The Federal Reserve (FED) celebrates eight meetings per year, in which the Federal Open Market Committee (FOMC) evaluates the economic situation and makes monetary policy decisions. The FOMC is made up of twelve officials of the Federal Reserve: the seven members of the Council of Governors, the president of the Bank of the Federal Reserve of New York and four of the eleven presidents of the regional banks of the Reserve, who exercise their positions for a year in a rotary form.
In extreme situations, the Federal Reserve can resort to a policy called Quantitative Easing (QE). The QE is the process by which the Fed substantially increases the flow of credit in a stuck financial system. It is a non -standard policy measure used during crises or when inflation is extremely low. It was the weapon chosen by the Fed during the great financial crisis of 2008. It is that the Fed prints more dollars and uses them to buy high quality bonds of financial institutions. The one usually weakens the US dollar.

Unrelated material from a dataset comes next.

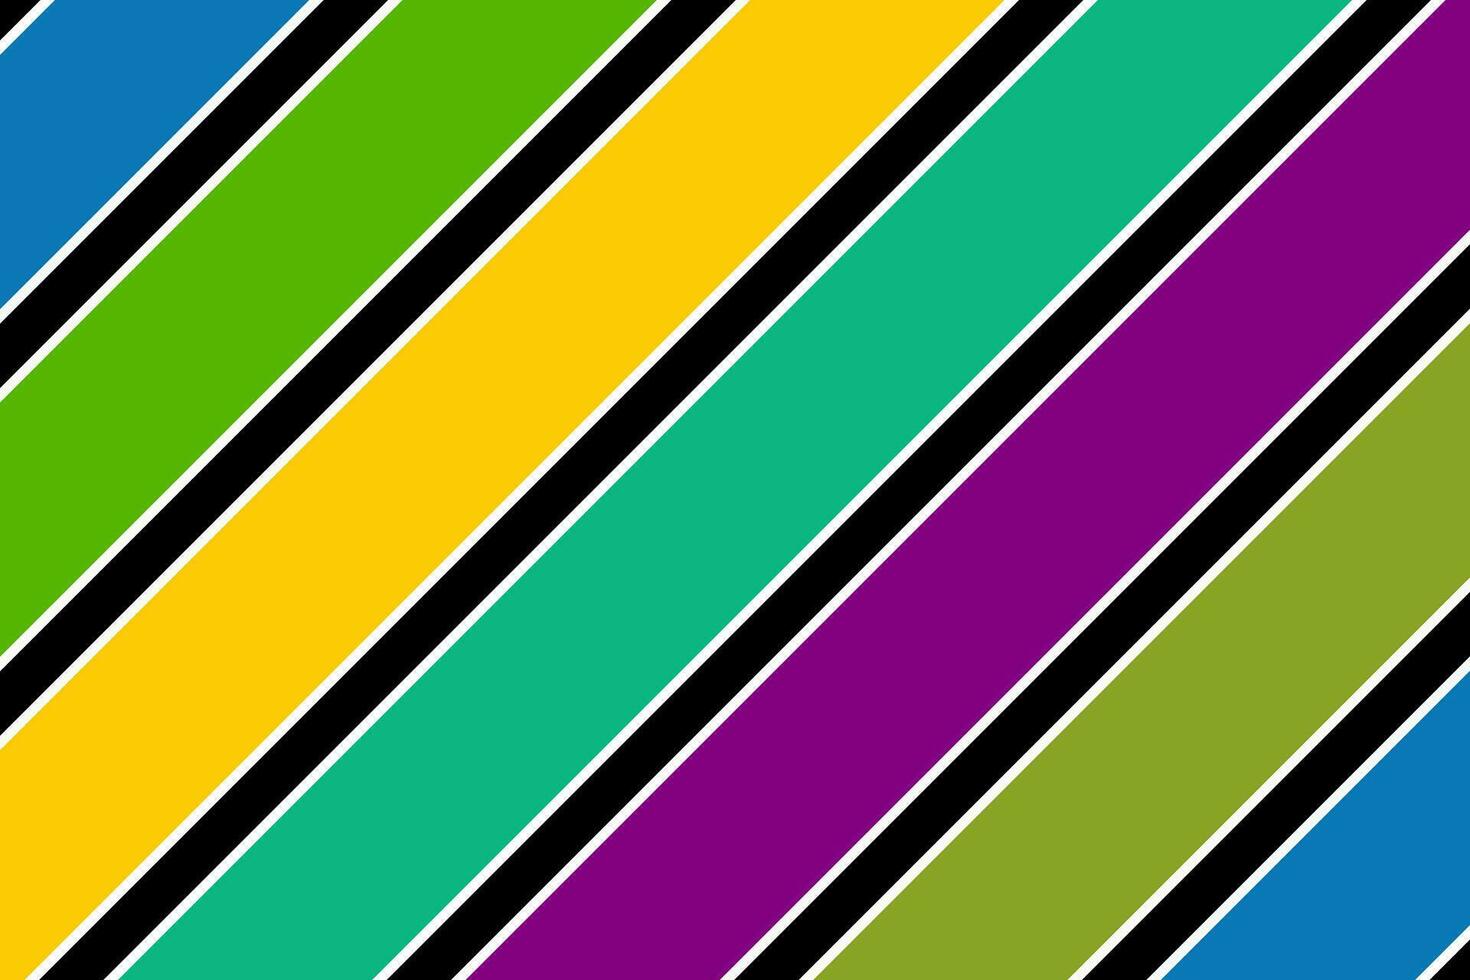 roxo, verde, amarelo, azul, branco e Preto diagonal linhas desatado padronizar. inclinado listras estrutura fundo vetor ilustração.

The quantitative hardening (QT) is the inverse process to the QE, for which the Federal Reserve stops buying bonds from financial institutions and does not reinvote the capital of the bonds that it has in portfolio that they expire, to buy new bonds. It is usually positive for the value of the US dollar.
Source: Fx Street

I am Joshua Winder, a senior-level journalist and editor at World Stock Market. I specialize in covering news related to the stock market and economic trends. With more than 8 years of experience in this field, I have become an expert in financial reporting.